A ray of hope for New Zealand’s ray of sunshine?

Hihi are a fascinating species, and a wealth of research has sought both to discover more about the species in its own right, and inform thought in fields as diverse as evolutionary biology, parasite ecology and reintroduction biology. For example, recent research by members of the Hihi Recovery Group has variously revealed the importance of un-paired floater males for maintaining genetic diversity, the capacity of supplementary feeding to buffer the impacts of climate change, and the relationship between a bird’s temperament and the distance it disperses from birthplace to breeding territory.

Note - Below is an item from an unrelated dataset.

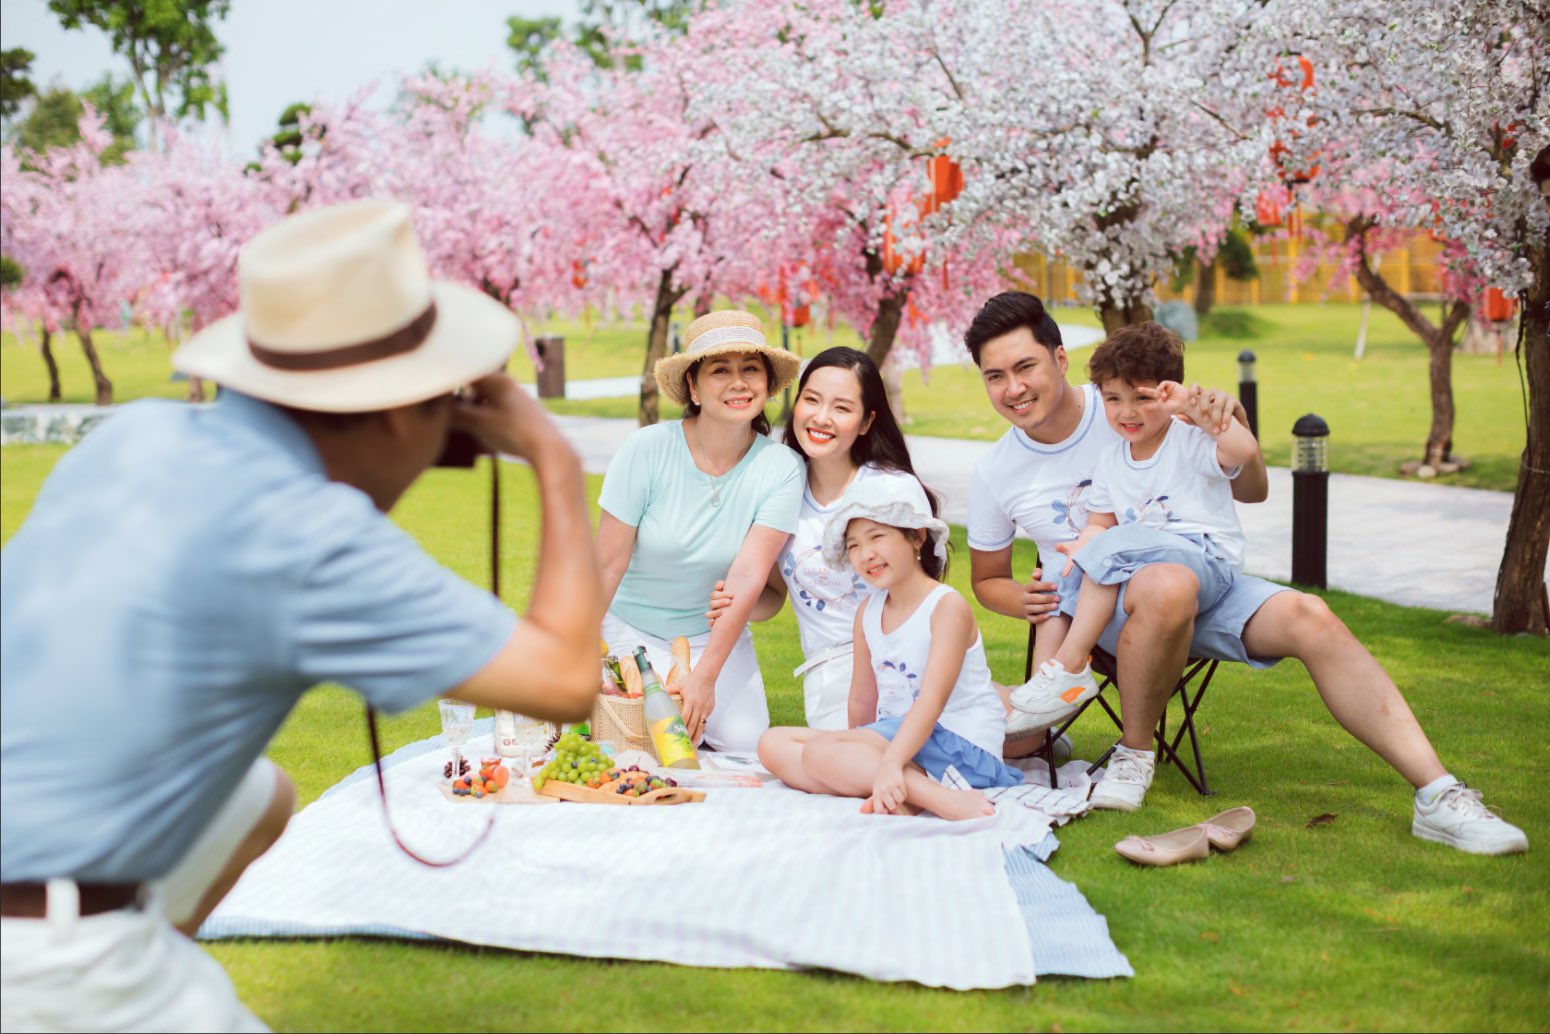 Vườn Nhật Bản Zen Park ấn tượng với quảng trường đèn lồng, cung đường hoa anh đào rực rỡ… Những mảng không gian rực rỡ được phủ bởi “rừng hoa anh đào” khiến các gia đình vô cùng thích thú.

As for the hihi on Maungatautari, how did they fare this season? The final tally stands at 39 birds. Compared to counts of around 50 birds in the previous two seasons, this may justify some cause for concern. Certainly, without on-going monitoring work like this we would be in the dark as to the changing fortunes of this, and other, hihi populations. Hihi may not be out of the woods yet, but the continued vigilance of a committed group of supporters ensures that the bird at least has a shot at enjoying a stable future in New Zealand’s forests.